> About this exercise
Repeat nothing but the line containing "Нижний город, Тобольский" and the lines that follow it, up to and including the last line of the data below.

═════ Supplied information

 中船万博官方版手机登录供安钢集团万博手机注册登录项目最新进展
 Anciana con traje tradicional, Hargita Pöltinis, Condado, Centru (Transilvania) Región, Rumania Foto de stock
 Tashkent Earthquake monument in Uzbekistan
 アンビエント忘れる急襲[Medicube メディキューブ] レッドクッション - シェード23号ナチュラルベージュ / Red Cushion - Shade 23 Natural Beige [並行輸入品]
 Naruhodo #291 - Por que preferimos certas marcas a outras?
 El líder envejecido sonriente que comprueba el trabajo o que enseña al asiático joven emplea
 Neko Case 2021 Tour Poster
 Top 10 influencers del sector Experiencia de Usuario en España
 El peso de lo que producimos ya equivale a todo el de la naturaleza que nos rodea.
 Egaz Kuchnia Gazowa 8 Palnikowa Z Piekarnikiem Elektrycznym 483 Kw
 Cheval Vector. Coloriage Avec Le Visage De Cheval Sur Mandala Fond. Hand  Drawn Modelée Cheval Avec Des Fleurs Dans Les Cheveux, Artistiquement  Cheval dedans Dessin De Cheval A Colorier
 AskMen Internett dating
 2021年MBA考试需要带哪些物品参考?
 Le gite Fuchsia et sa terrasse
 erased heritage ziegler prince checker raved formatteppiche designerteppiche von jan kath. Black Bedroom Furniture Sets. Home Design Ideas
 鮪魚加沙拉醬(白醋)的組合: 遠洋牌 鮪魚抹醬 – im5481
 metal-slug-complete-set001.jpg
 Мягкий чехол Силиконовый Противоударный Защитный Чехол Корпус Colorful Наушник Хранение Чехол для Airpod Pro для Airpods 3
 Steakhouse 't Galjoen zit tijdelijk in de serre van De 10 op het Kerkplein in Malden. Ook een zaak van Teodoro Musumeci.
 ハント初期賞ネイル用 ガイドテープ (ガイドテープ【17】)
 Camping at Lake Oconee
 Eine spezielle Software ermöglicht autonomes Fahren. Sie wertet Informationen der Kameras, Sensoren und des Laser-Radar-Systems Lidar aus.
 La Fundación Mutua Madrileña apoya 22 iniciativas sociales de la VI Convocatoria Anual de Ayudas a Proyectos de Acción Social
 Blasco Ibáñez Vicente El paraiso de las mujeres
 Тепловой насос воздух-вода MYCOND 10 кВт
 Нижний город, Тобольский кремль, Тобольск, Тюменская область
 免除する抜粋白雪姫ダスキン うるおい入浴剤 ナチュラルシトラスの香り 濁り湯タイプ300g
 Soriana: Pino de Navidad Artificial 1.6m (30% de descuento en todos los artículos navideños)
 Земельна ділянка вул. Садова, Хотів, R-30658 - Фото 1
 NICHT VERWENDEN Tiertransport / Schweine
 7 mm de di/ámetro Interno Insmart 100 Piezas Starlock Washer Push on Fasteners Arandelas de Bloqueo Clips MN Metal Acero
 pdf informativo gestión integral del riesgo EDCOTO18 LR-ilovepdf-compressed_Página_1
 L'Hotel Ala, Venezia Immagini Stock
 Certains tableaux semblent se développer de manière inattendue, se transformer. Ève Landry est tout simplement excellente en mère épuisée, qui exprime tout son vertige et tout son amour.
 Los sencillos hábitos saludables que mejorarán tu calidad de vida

══════════

> Answer
 Нижний город, Тобольский кремль, Тобольск, Тюменская область
 免除する抜粋白雪姫ダスキン うるおい入浴剤 ナチュラルシトラスの香り 濁り湯タイプ300g
 Soriana: Pino de Navidad Artificial 1.6m (30% de descuento en todos los artículos navideños)
 Земельна ділянка вул. Садова, Хотів, R-30658 - Фото 1
 NICHT VERWENDEN Tiertransport / Schweine
 7 mm de di/ámetro Interno Insmart 100 Piezas Starlock Washer Push on Fasteners Arandelas de Bloqueo Clips MN Metal Acero
 pdf informativo gestión integral del riesgo EDCOTO18 LR-ilovepdf-compressed_Página_1
 L'Hotel Ala, Venezia Immagini Stock
 Certains tableaux semblent se développer de manière inattendue, se transformer. Ève Landry est tout simplement excellente en mère épuisée, qui exprime tout son vertige et tout son amour.
 Los sencillos hábitos saludables que mejorarán tu calidad de vida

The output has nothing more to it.